Helical location of the TPR-TCH interacting residues

Once it was established that the TCHs indeed interact with adjoining TPR helices, I investigated the properties and locations of the interactive amino acids in all TPR proteins of known structure (Table 1), with the hope of finding a common interacting pattern, which would be functionally more meaningful than overall sequence homology. First, all amino acids involved in interhelical interactions were marked in their helical positions (Table 1, in red color), as described under the “Methods” section, that a significant number of residues of each helix (A and B) participated in interaction with the TCH. A greater number of contacts with the nearer helix, which was seen before in small scale, was also noticed in this expanded group. Thus, the A-helix, on the average, made only 20 contacts with the dTCH, whereas the B-helix made 58 contacts (Figure 5), nearly 3 times as much (also see Table 2). In a few extreme cases, exemplified by 4I17, the A-helix showed no interaction (0 contact) with the TCH, whereas the B-helix made 46 contacts (data not shown).

Figure 5.

Number of contacts between TCH and the 2 helices (A-helix, AH; and B-helix, BH) of the nearest TPR. The contact numbers were obtained from Protein Contacts Atlas, as mentioned in the “Methods” section. Numbers from all proteins in Table 1 were added and the mean plotted (20 contacts between TCH and A-helix; 58 contacts between TCH and the B-helix).

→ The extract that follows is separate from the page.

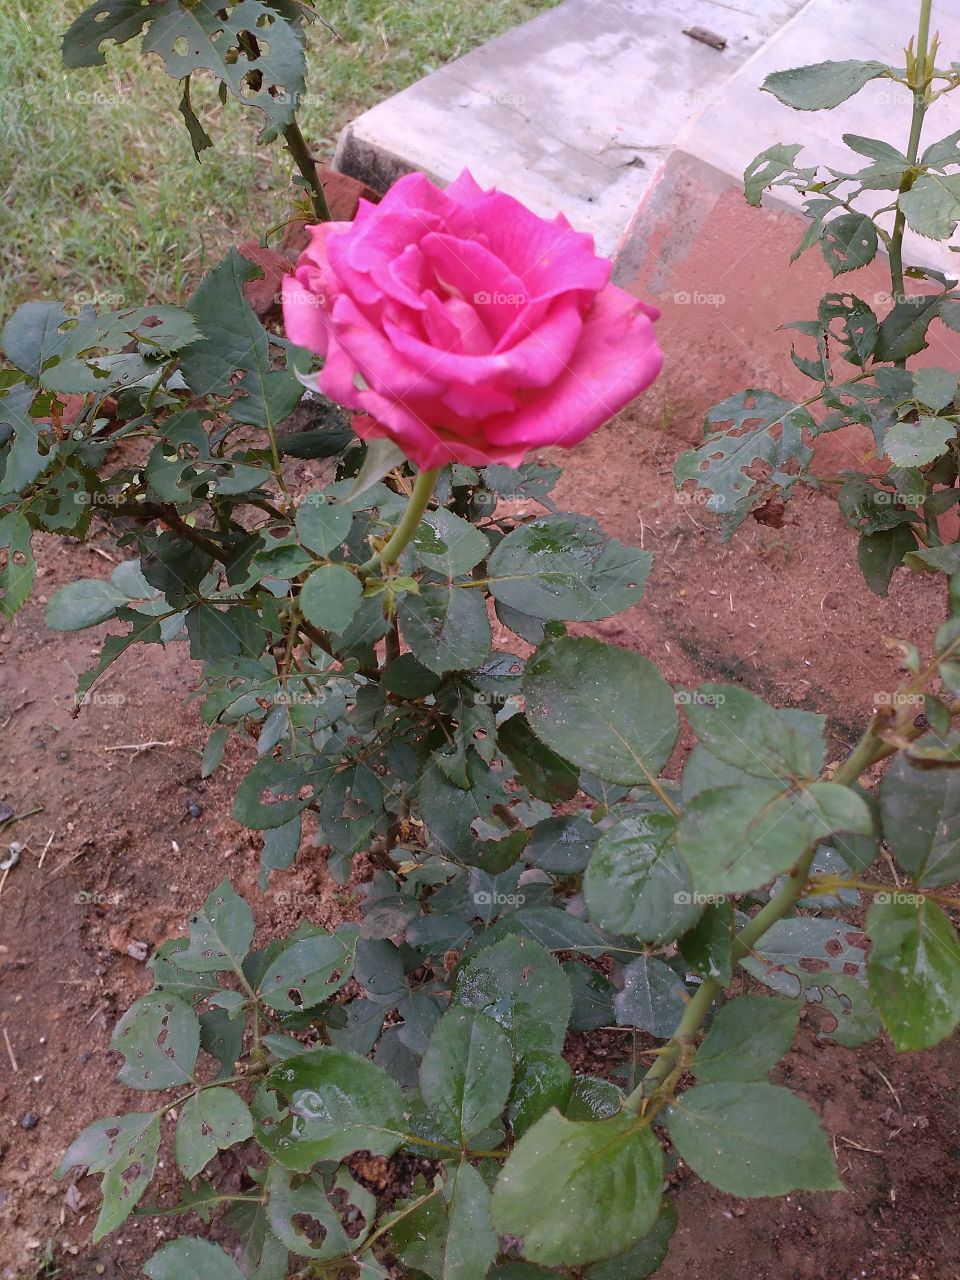 my garden
a beautiful pink flower

TCH indicates TPR-companion helices; TPR, tetratricopeptide repeat.

Table 2.

Energy of TPR-TCH interhelical interaction.

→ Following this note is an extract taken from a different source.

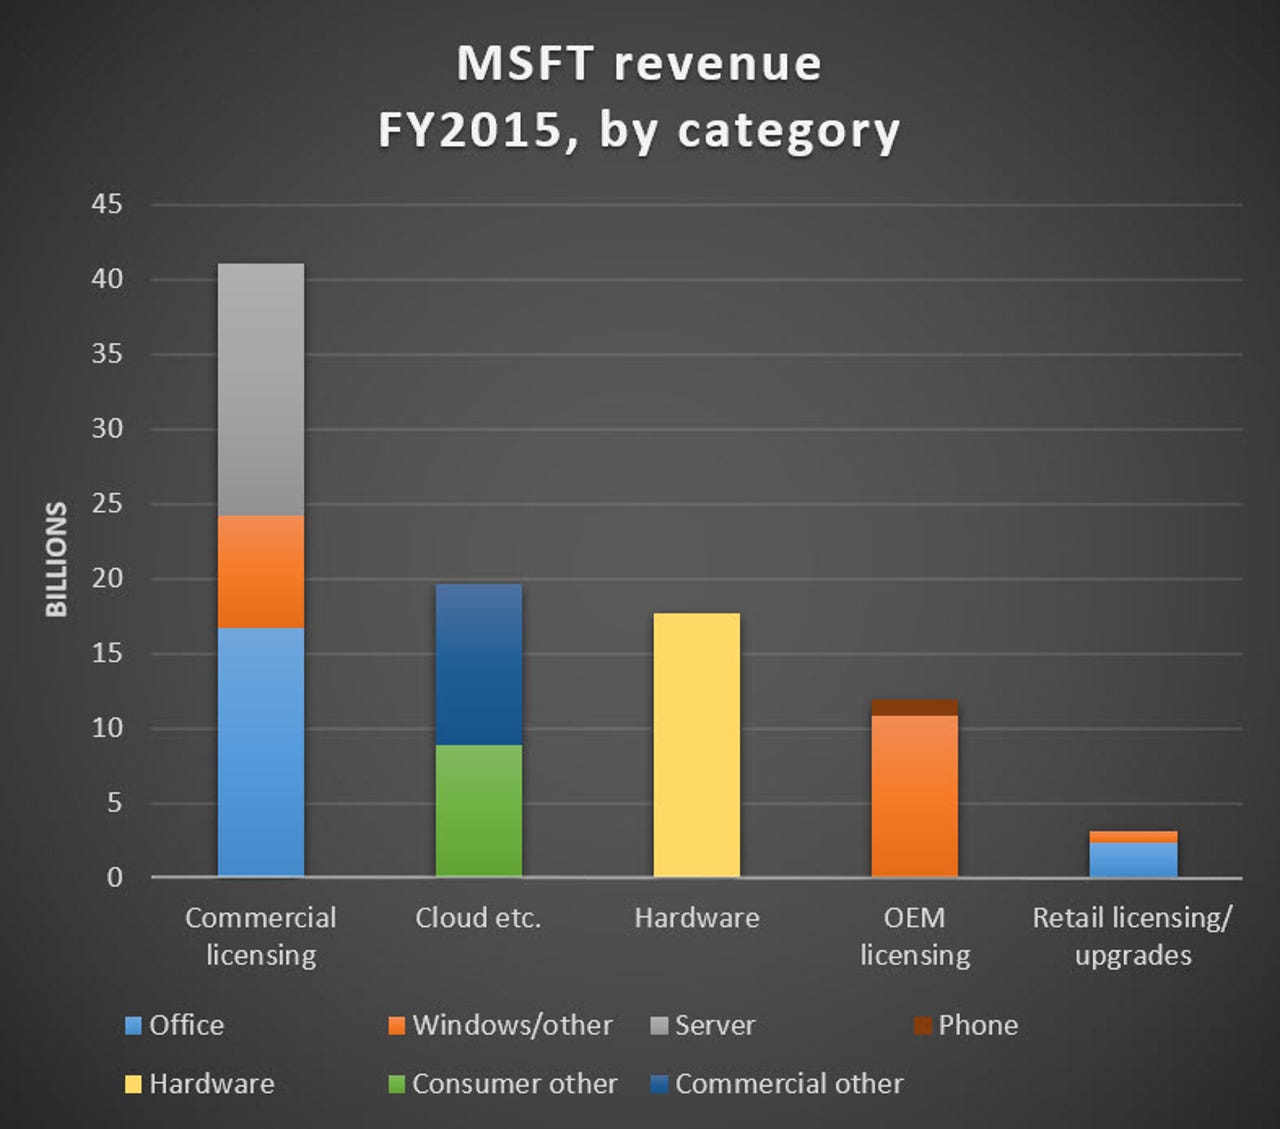 msft-revenue-by-category-fy2015.jpg

PDB#	Residue		Interacting TCH residue	Interaction energy (kJ/mol)
PDB#	A-helix	B-helix	Interacting TCH residue	Interaction energy (kJ/mol)
2VYI
	Ser1 (159)		Tyr3 (195)	−6.85
	Lys2 (160)		Tyr3 (195)	−3.38
				(Total = −10.23)
		His17 (175)	Ala10 (202)	−12.51
Lys13 (205)				−11.12
		Val18 (176)	Leu14 (206)	−8.93
		Val21 (179)	Leu7 (199)	−9.06
			Ala10 (202)	−4.65
			Glu11 (203)	−7.99
		Tyr24 (182)	Tyr3 (195)	−11.09
			Asn6 (198)	−19.7
			Leu7 (199)	−16.49
		Ala27 (185)	Tyr3 (195)	−9.41
		Leu28 (186)	Tyr3 (195)	−7.28
			Lys4 (196)	−9.20
				(Total = −127.43)
3SZ7
	Ser1 (182)		Met3 (220)	−9.27
	Ser5 (186)		Met3 (220)	−6.80
	Phe12 (193)		Thr9 (226)	−5.91
			Thr10 (227)	−10.48
			Lys13 (230)	−7.16
				(Total = −39.62)
		Tyr17 (198)	Thr10 (227)	−10.80
			Lys13 (230)	−8.29
			Ile14 (231)	−8.08
		Ala 20 (201)	Thr10 (227)	−7.98
		Lys21 (202)	Leu7 (224)	−10.19
			Thr10 (227)	−5.34
			Lys11 (228)	−5.80
		Tyr24 (205)	Met3 (220)	−8.97
			Gly6 (223)	−18.32
			Leu7 (224)	−13.72
			Thr10 (227)	−5.34
		Glu25 (206)	Leu7 (224)	−9.44
		Ile28 (209)	Met3 (220)	−10.75
			Lys4 (221)	−5.26
				(Total = −128.28)

Abbreviations: PDB, Protein Database; TCH, TPR-companion helix; TPR, tetratricopeptide repeat.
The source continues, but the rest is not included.